Risk Factors
The primary risk factor for developing CMT is having family members with this disease.
Etiology and Genetics
There are many variations of Charcot-Marie-Tooth syndrome, and at least fifteen different genes have been identified in which mutations leading to the condition might occur. The most common group, known as CMT1, includes all those with identifiable abnormalities in the myelin sheath that surrounds nerve cells. CMT1A disease results from a duplication of the PMP22 gene, found at position 17p12 on the short arm of chromosome 17. Since PMP22 (peripheral myelin protein 22) is an integral part of the myelin sheath, an excess of this protein causes an abnormal sheath to develop. CMT1B disease results from a mutation in a different gene, MPZ, found on the long arm of chromosome 1 (at position 1q22). The myelin zero protein, encoded by this gene, is also a critical component of the myelin sheath. Both of these disease variants are inherited in an autosomal dominant manner, meaning that a single copy of the mutation is sufficient to cause full expression of the disease. An affected individual has a 50 percent chance of transmitting the mutation to each of his or her children. Many cases, however, result from a spontaneous new mutation, so in these instances affected individuals will have unaffected parents. The much rarer variants, CMT1C and CMT1D, result from mutations in the LITAF (lipopolysaccharide-induced TNF factor) gene, at position 16p13.3-p12, and the EGR2 (early growth response 2) gene, at position 10q21.1, respectively.

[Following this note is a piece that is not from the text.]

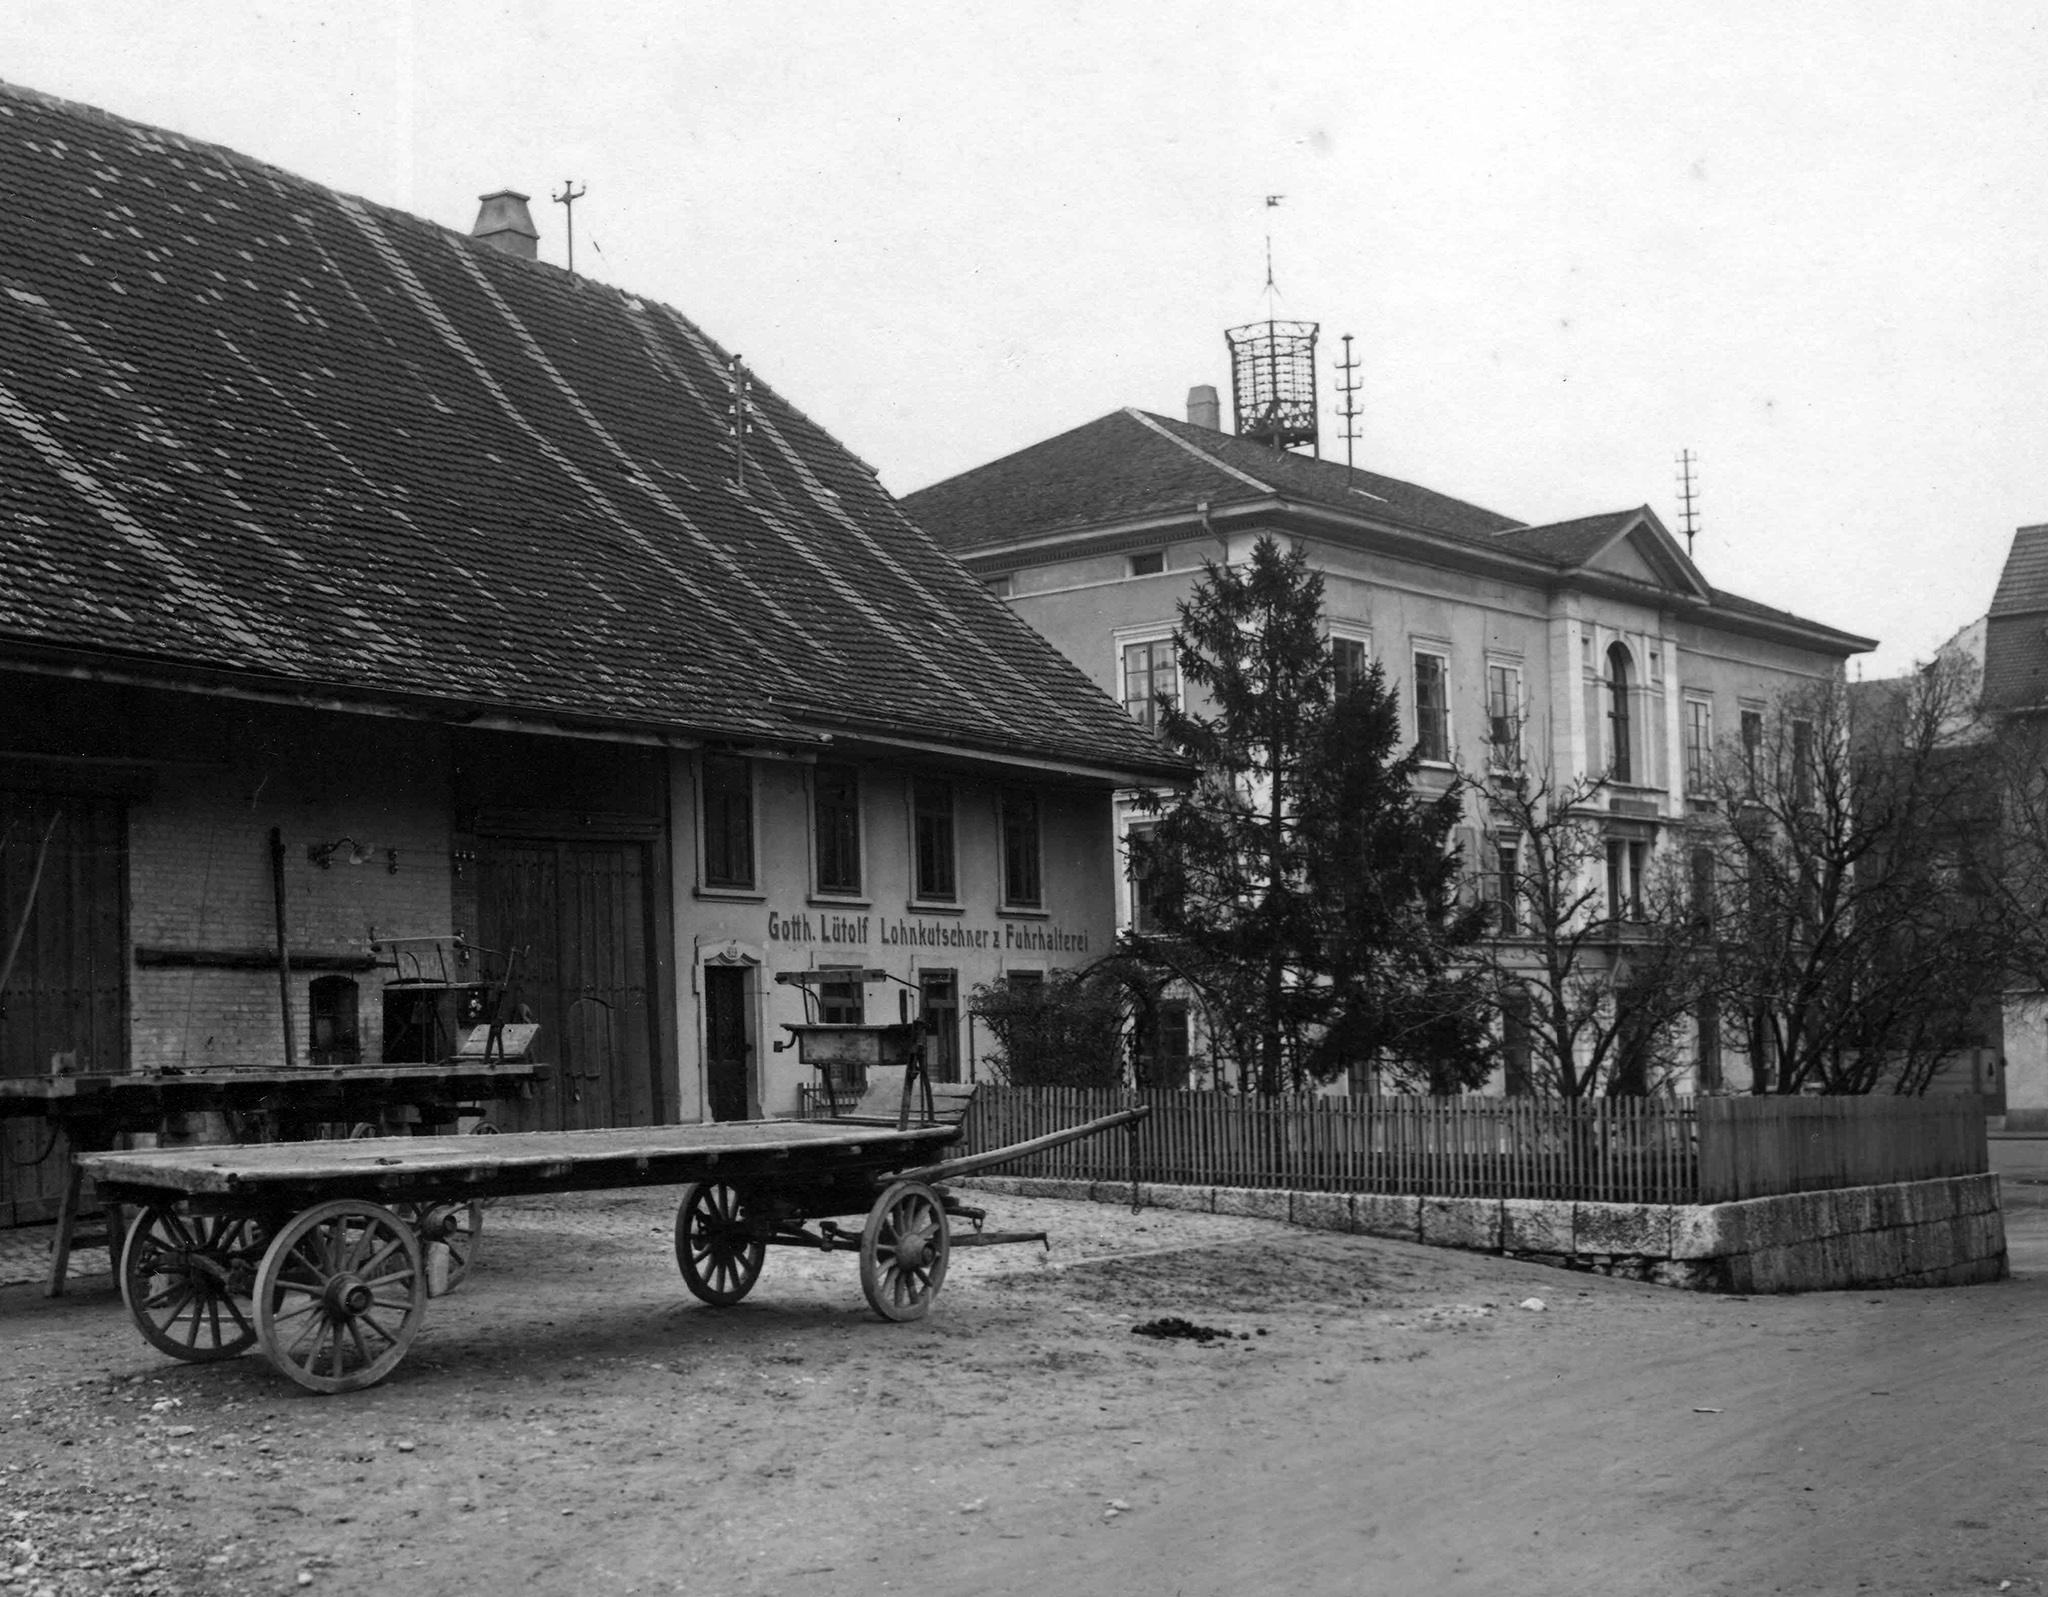 Olten Konradstrasse

CMT2 disease (several different subtypes, designated A–L) is also inherited in an autosomal dominant manner. The molecular defect in this case always involves an abnormality in the axons themselves, rather than in the surrounding myelin sheath.
There are at least six different subtypes of CMT4 disease, resulting from mutations in several different genes. Most of these are identifiable as demyelinating neuropathies, and they are distinguished by an autosomal recessive pattern of inheritance, meaning that both copies of the particular gene must be deficient in order for the individual to be afflicted. Typically, an affected child is born to two unaffected parents, both of whom are carriers of the recessive mutant allele. The probable outcomes for children whose parents are both carriers are 75 percent unaffected and 25 percent affected. If one parent has CMT4 disease and the other is a carrier, there is a 50 percent probability that each child will be affected.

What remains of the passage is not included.